Business organisations struggle to win market competition by setting strategies, making innovations, especially introducing customer-centric goods and services. In simple definition, market competition means more suppliers and different products that really attempt to satisfy customer expectations in the best possible way and want customers to buy their products more frequently at higher prices.
However, this does not come about smoothly and spontaneously. That’s why the market competition seems to be serious and critical for the business survival. Companies are compelled to face this competition in a more innovative way, if they want to survive and then grow in the market. The best way to do so, is reading the pulse of customers. It is they who supply your revenue. Hence, all business strategies should result in pleasing the customer. As competition has multiplied customer’s choices, strategies have to be plotted, after careful study of consumer behaviour. Let’s have a close look at how to read the pulse of customers.
Understanding customers better
Understanding customer is so complicated, not an easy task. That’s why it has become everyone’s job. For an instance, the traditional way to get an idea about customers is doing a market research, which describes how the selected group of customers think of the particular product as well as what kind of expectations that they have. Based on the data collected from market research, business leaders take some decisions to make products more customer-oriented, so that they are able to acquire bigger market share.
In other words, they take decisions grounded on the data collected from a group of customers but not from whole customer community. Hence, it can be clearly stated that the probability of taking wrong decisions on consumer expectations is higher. Even big companies have disappeared in the market due to their inability to understand customer needs.
Customers want quality products at cheaper prices. Competitive priorities that a business organisation ought to follow are cost leadership and diversification. Some customers are more concerned on quality than price, while others are by nature price-sensitive. Consequently, it is up to the strategy makers to grasp the nature of customers that they have. Market segmentation gives a clear idea of what kind of strategies that organisations have to follow.
Trust is a decisive factor in the business world. Building trust is easier than maintaining it. What is more important is to know that it takes little time to destroy the trust been built over decades. Customers spend their hard-earned money on your products, it is because of the trust that your product will give them a maximum satisfaction in comparison to other products offered by the competitors in the market. Once their expectations placed on the product does not match with qualities, they begin to refrain from buying the product and tell others on it, projecting a bad image on your company.

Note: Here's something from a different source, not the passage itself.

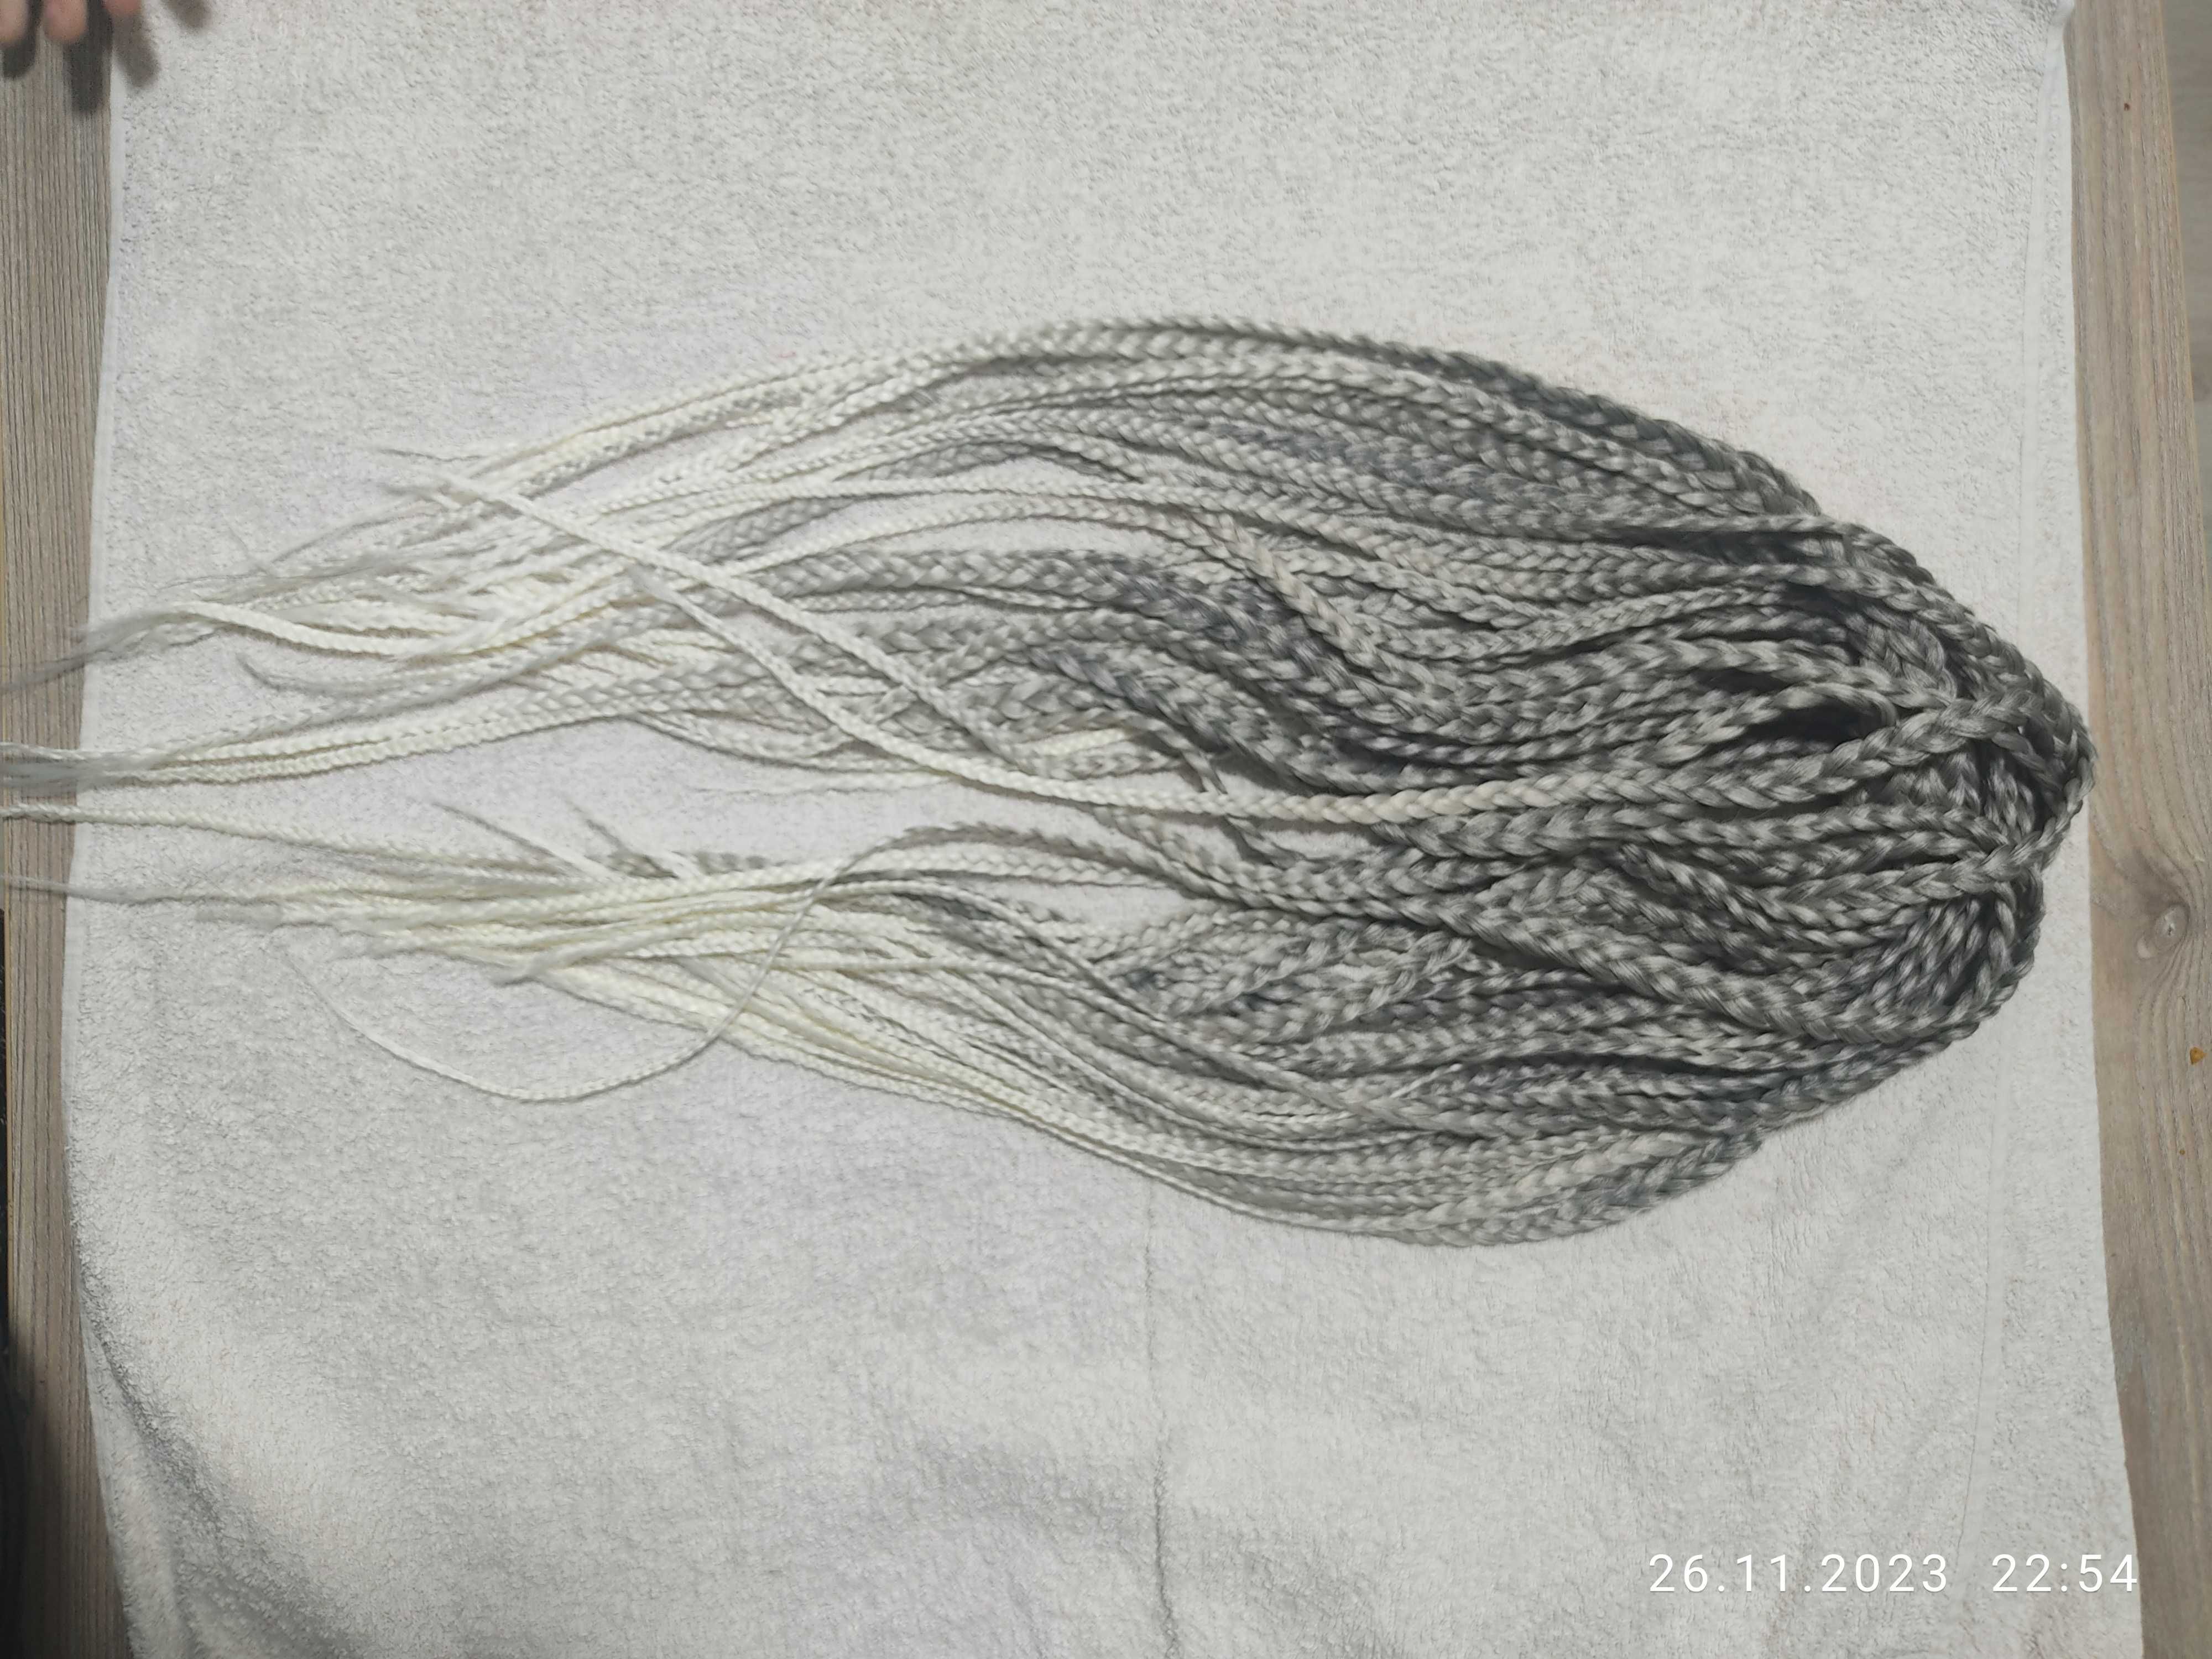 Плетение афрокосичек
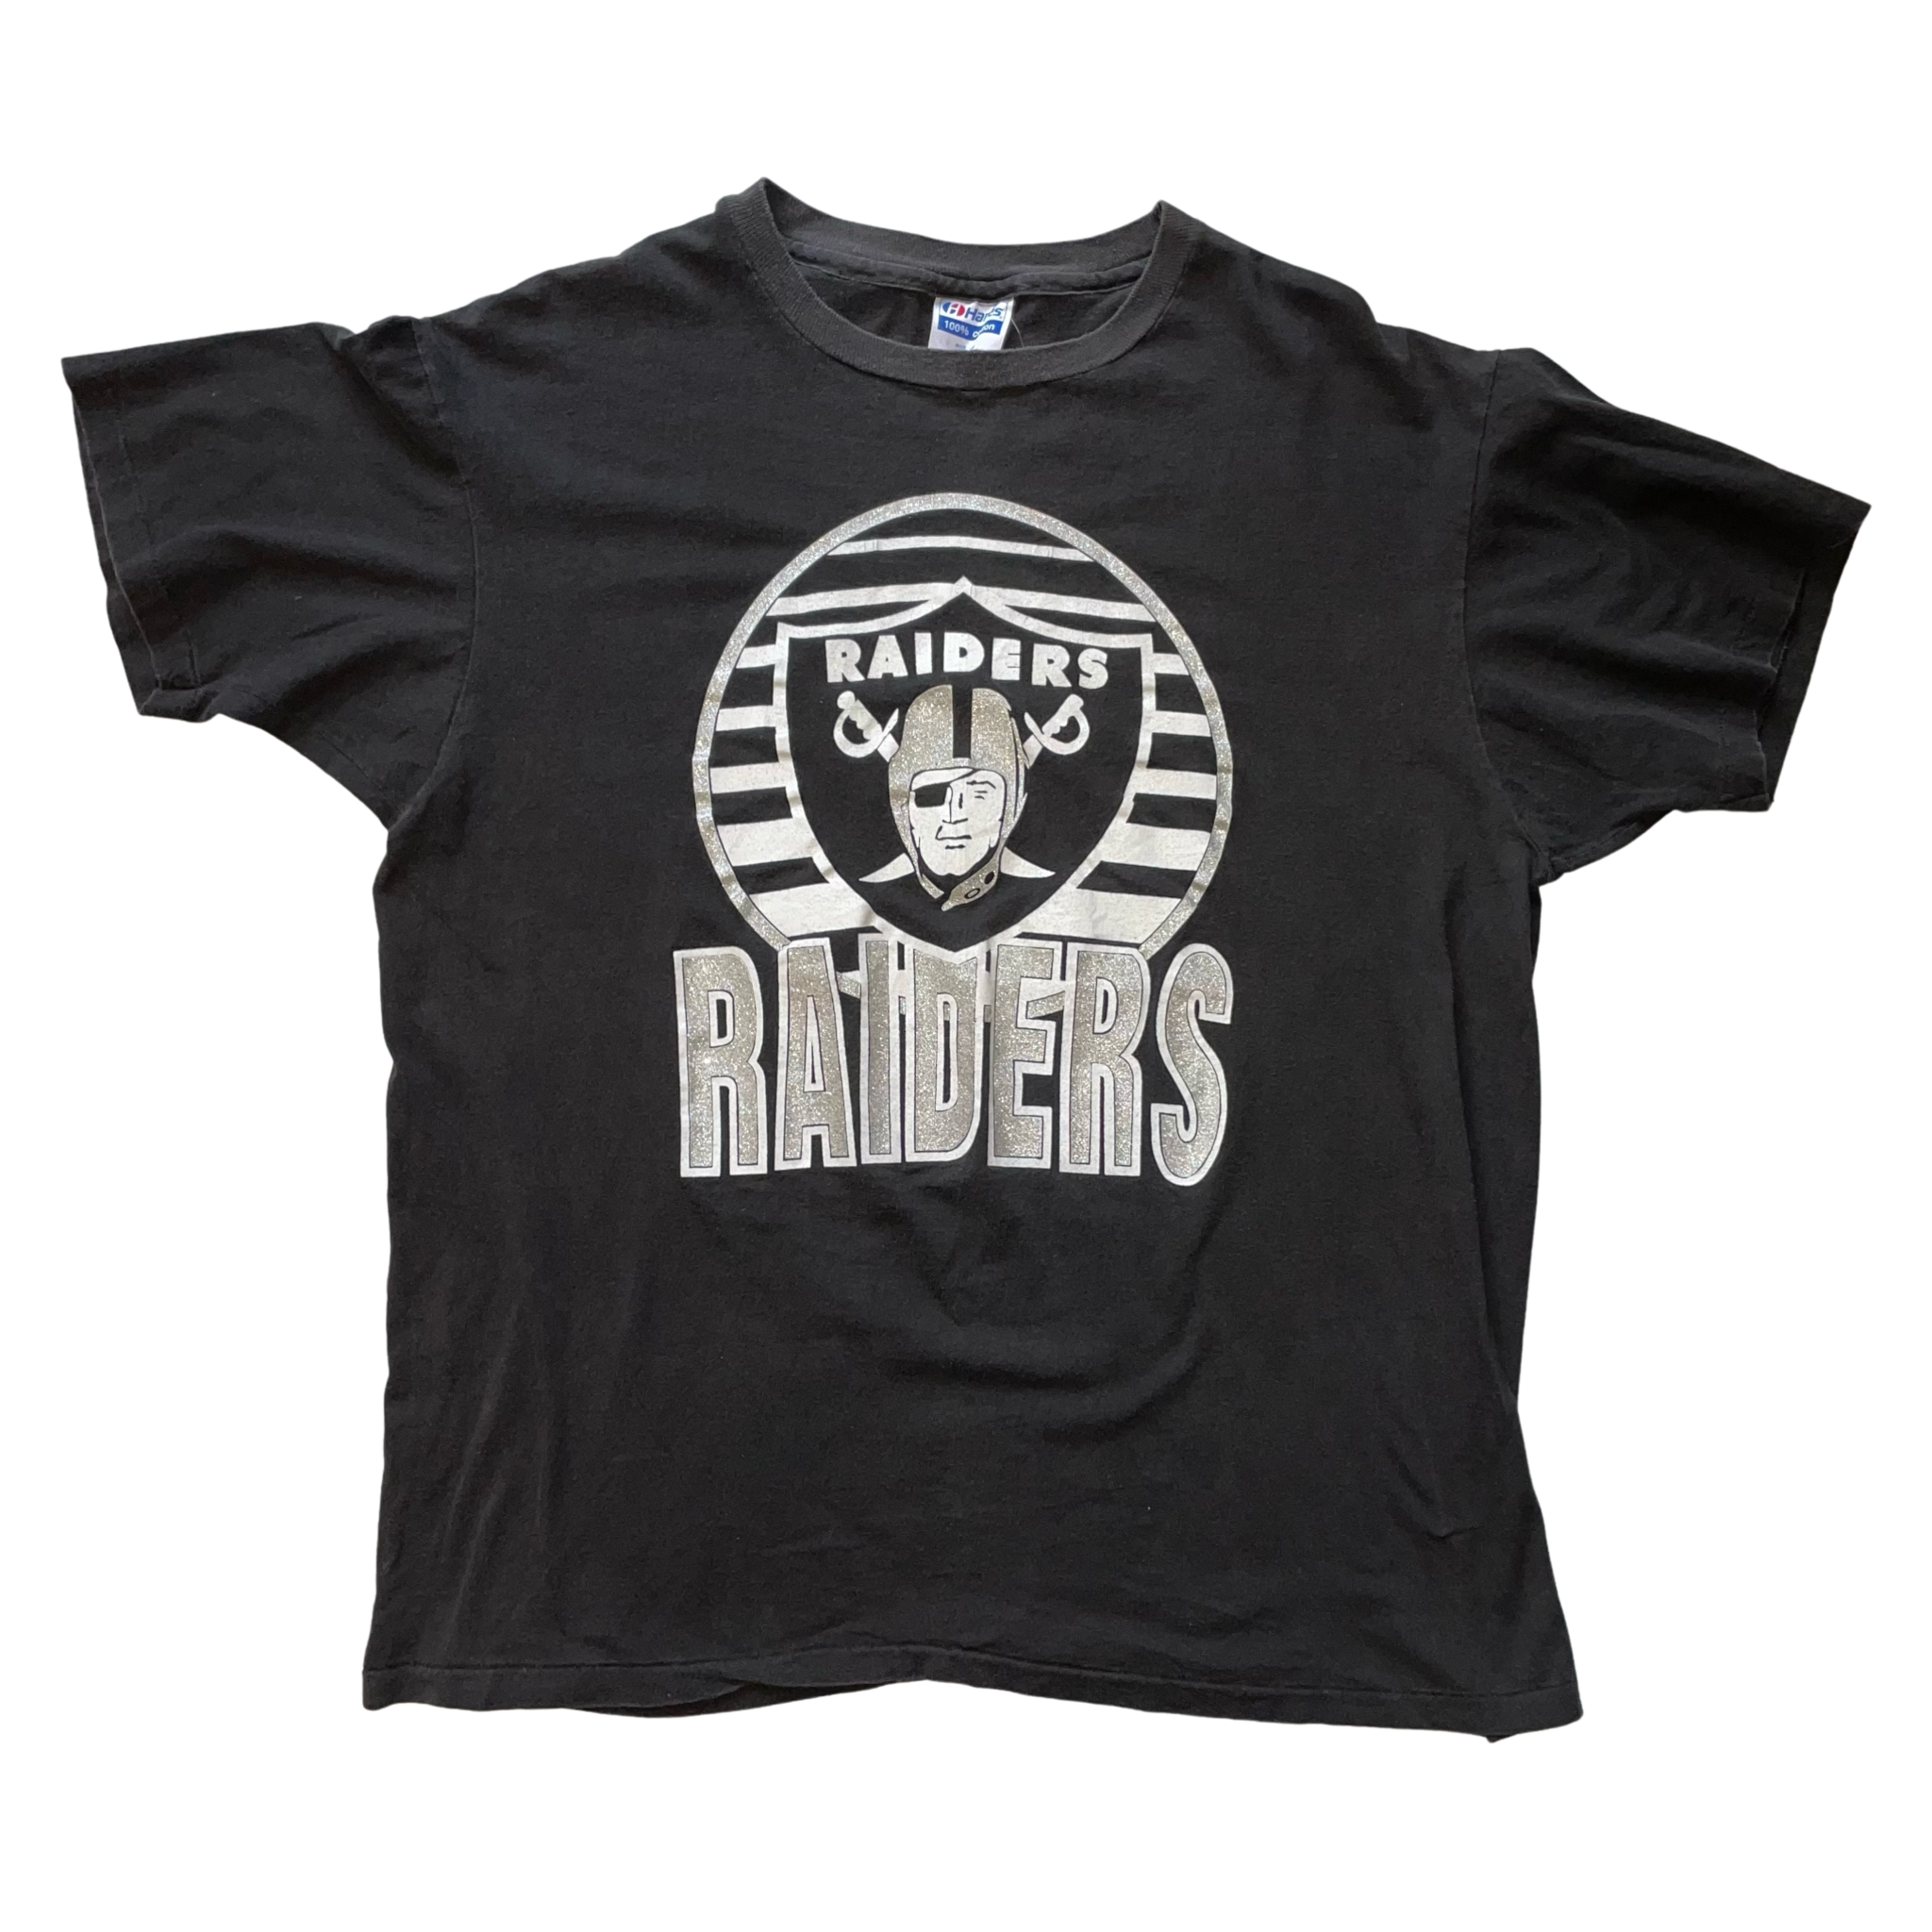 Vintage NFL Raiders Tee Shirt with Hood Size Medium 1990s

Hence, a customer dissatisfied with the company will result in 100s of customers. Companies know far more about their customers by analysing all the data they collect on them. In turn, customers know far more about the companies they buy from through social media - their family, friends and work colleagues talking about companies and their products every day. It can be said that building and protecting the trust is not a single directed, but a wide-spread process.
There are different ways in which customer trust can be improved. Even though businesses are commercial institutions, they have gone beyond profit-making purposes by allocating resources for corporate social responsibility (CSR) projects which communicate customers that the company cares about the society and people. Furthermore, this is a company upon which customers can place their trust.
This is also a process that ought to be strengthened by every professional of every department of the organisation. Marketing professionals can work with the IT department to create online customer relationships. HR professionals can work with finance department to get resources allocated for employee training, so that highly trained and qualified professionals will be able to satisfy customer needs. This is the collaboration to build the trust.
The way forward
It is obvious that the real intention of the customer is to get the maximum satisfaction by purchasing quality products. If marginal utility is higher than others’, customers continue to buy the particular product. Some companies have come forward to advice their customers how to select a qualitative product. It is easy to see banks advising the ways in which money can be saved, companies advising on qualities in customer perspective. It seems that companies use different approaches to reach the customer. Customer-oriented strategies will always deliver best results. Hence, it can be said that strong customer relationships can ensure business survival and growth.